Transactional Messaging
This section provides a detailed walkthrough of transactional messaging using the Kafka Java Client for Oracle Database Transactional Event Queues. You’ll learn how to run, commit, and abort database transactions while using Kafka producers and consumers for transactional messaging.
Kafka Example
The KafkaProducer and KafkaConsumer classes implemented by the Kafka Java Client for Oracle Transactional Event Queues provide functionality for transactional messaging, allowing developers to run database queries within a produce or consume transaction.
Transactional Messaging ensures atomicity between messaging processing and the database, ensuring that if a message is produced the corresponding database operation also commits or is rolled back in case of failure.
Transactional Produce
To configure a transactional producer, configure the org.oracle.okafka.clients.producer.KafkaProducer
class with the oracle.transactional.producer=true
property.
Once the producer instance is created, initialize the producer for transactional management using the producer.initTransactions()
method.
Properties props = new Properties();
// Use your database service name
props.put("oracle.service.name", "freepdb1");
// Choose PLAINTEXT or SSL as appropriate for your database connection
props.put("security.protocol", "SSL");
// Your database server
props.put("bootstrap.servers", "my-db-server");
// Path to directory containing ojdbc.properties
// If using Oracle Wallet, this directory must contain the unzipped wallet (such as in sqlnet.ora)

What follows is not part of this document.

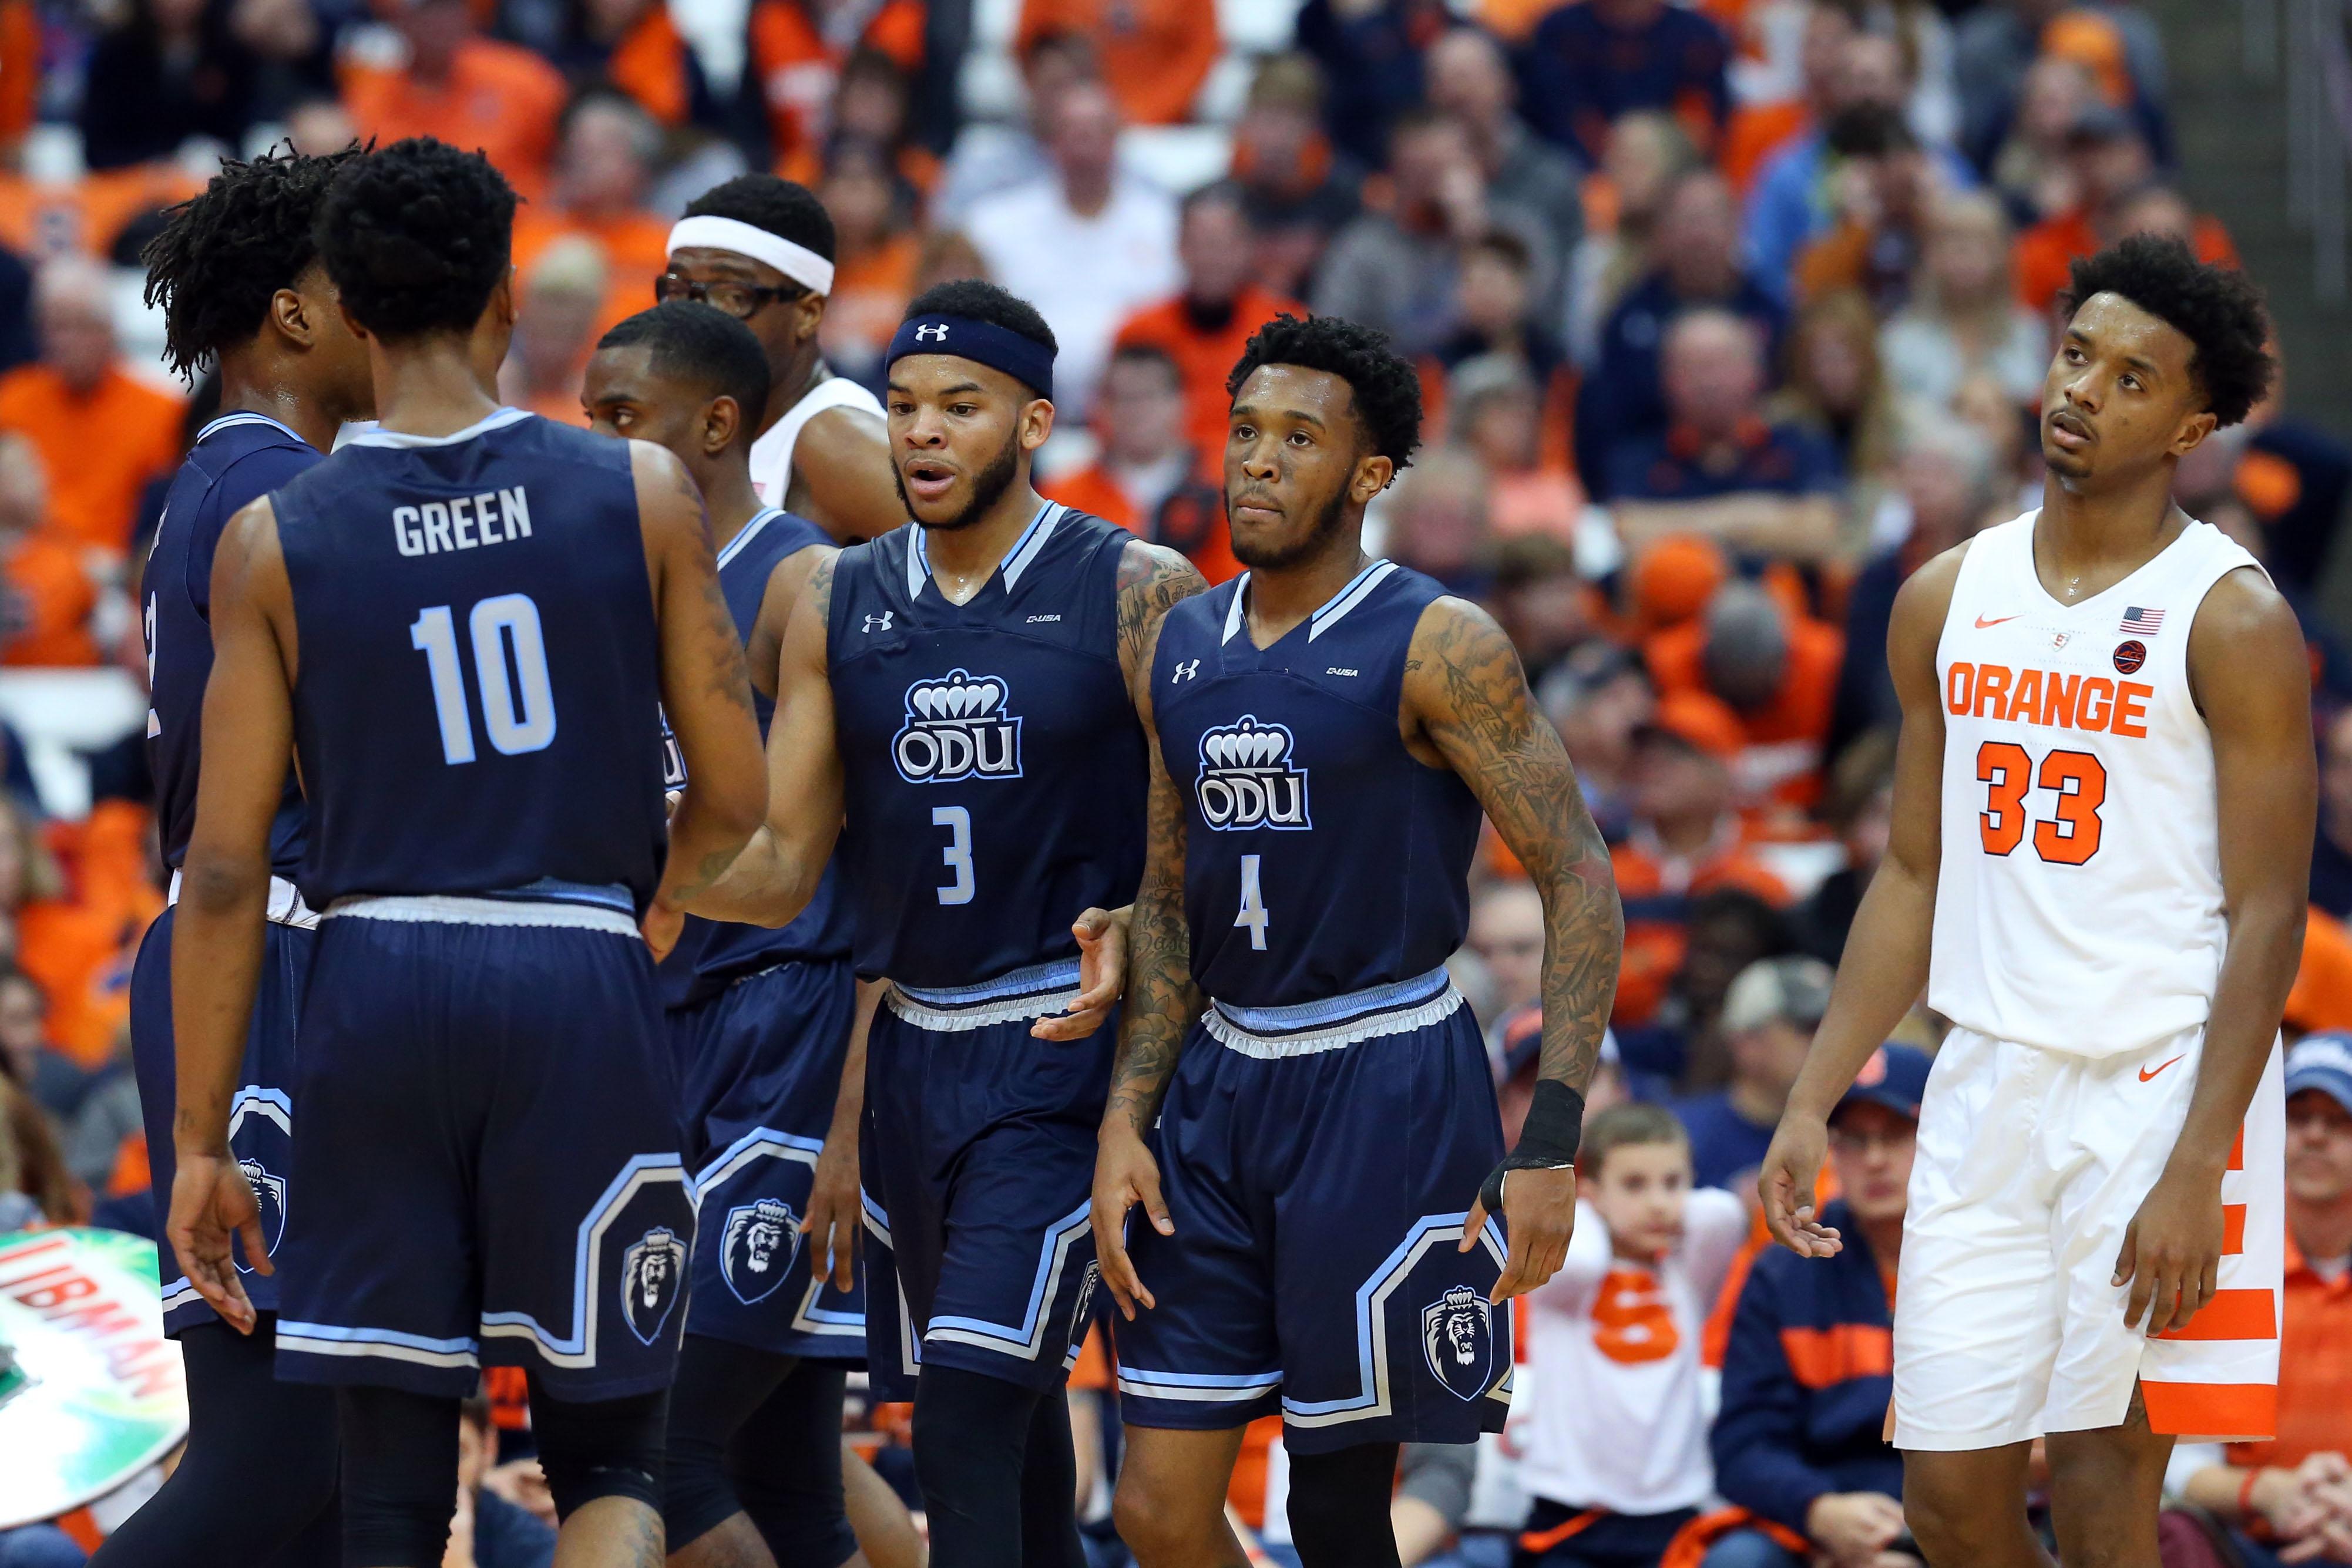 NCAA Basketball: Old Dominion at Syracuse
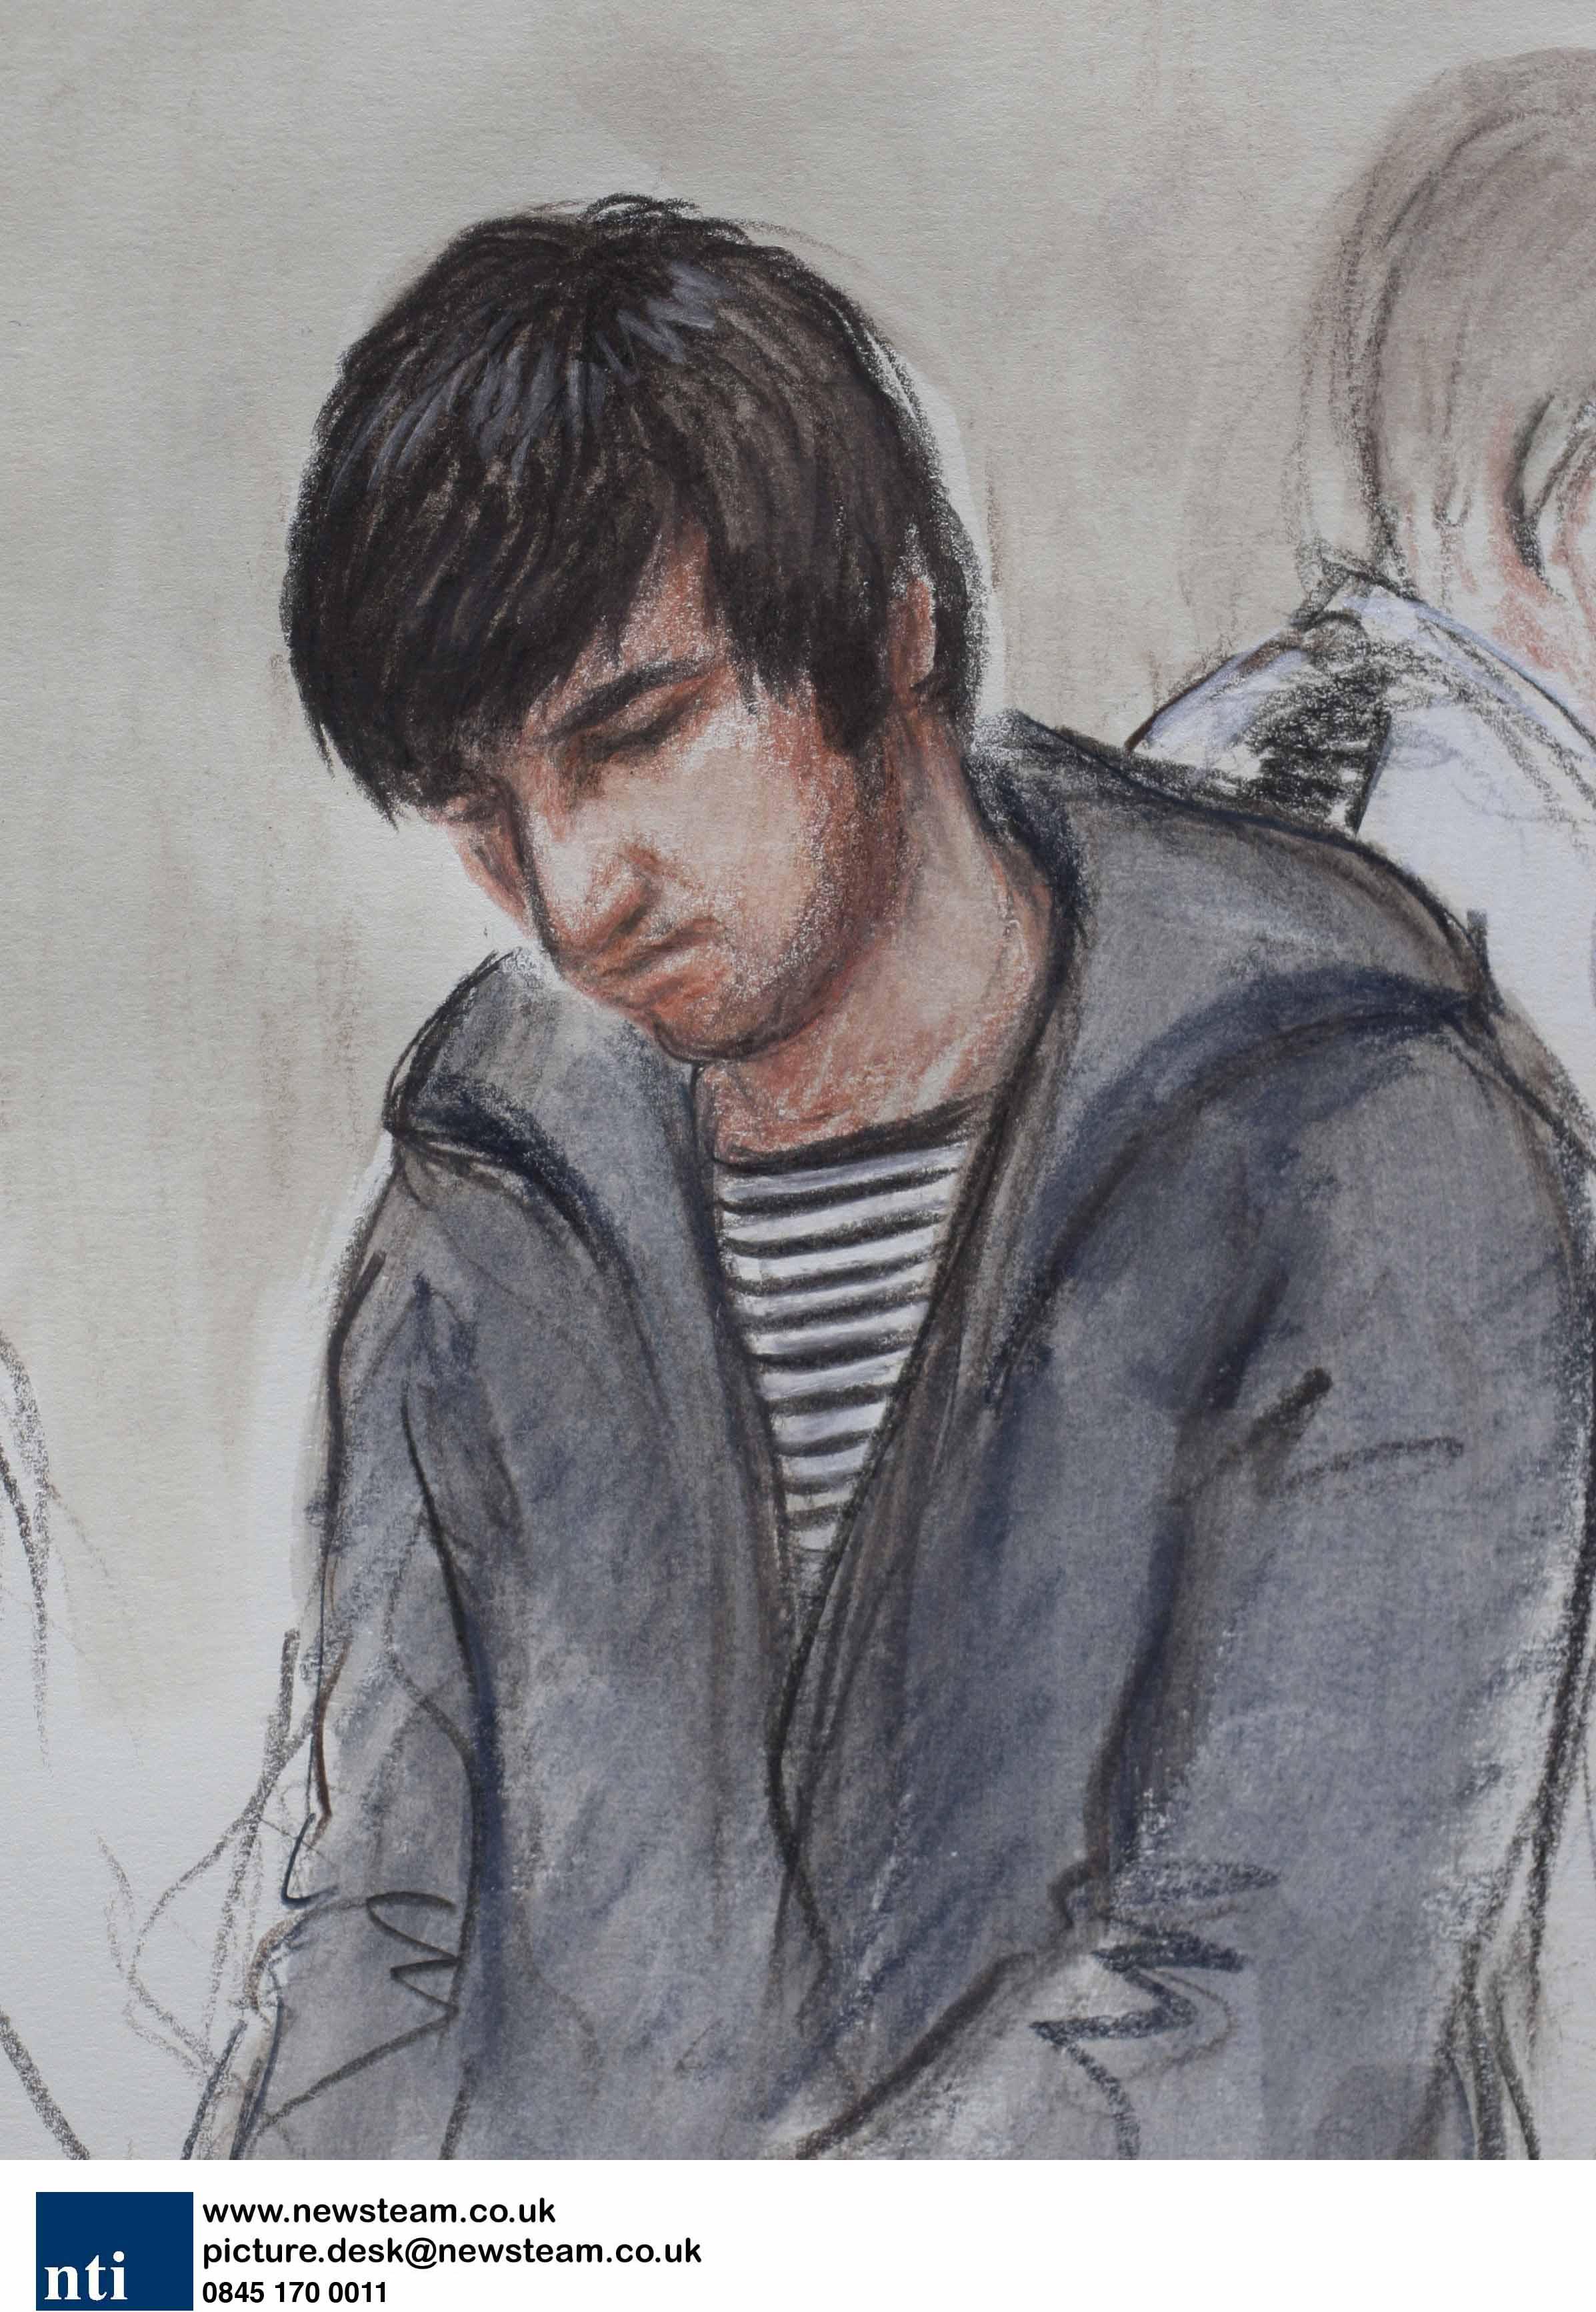 Paedophile nursery worker gets life

props.put("oracle.net.tns_admin", "/my/path/");
props.put("enable.idempotence", "true");
props.put("key.serializer", "org.apache.kafka.common.serialization.StringSerializer");
props.put("value.serializer", "org.apache.kafka.common.serialization.StringSerializer");
// Enable Transactional messaging with the producer
props.put("oracle.transactional.producer", "true");
KafkaProducer<String, String> producer = new KafkaProducer<>(props);
// Initialize the producer for database transactions
producer.initTransactions();
Producer Methods
- To start a database transaction, use the
producer.beginTransaction()
method. - To commit the transaction, use the
producer.commitTransaction()
method. - To retrieve the current database connection within the transaction, use the
producer.getDBConnection()
method. - To abort the transaction, use the
producer.abortTransaction()
method.
Transactional Produce Example
The following Java method takes in an input record and processes it using a transactional producer. On error, the transaction is aborted and neither the DML nor topic produce are committed to the database. Assume the processRecord
method does some DML operation with the record, like inserting or updating a table.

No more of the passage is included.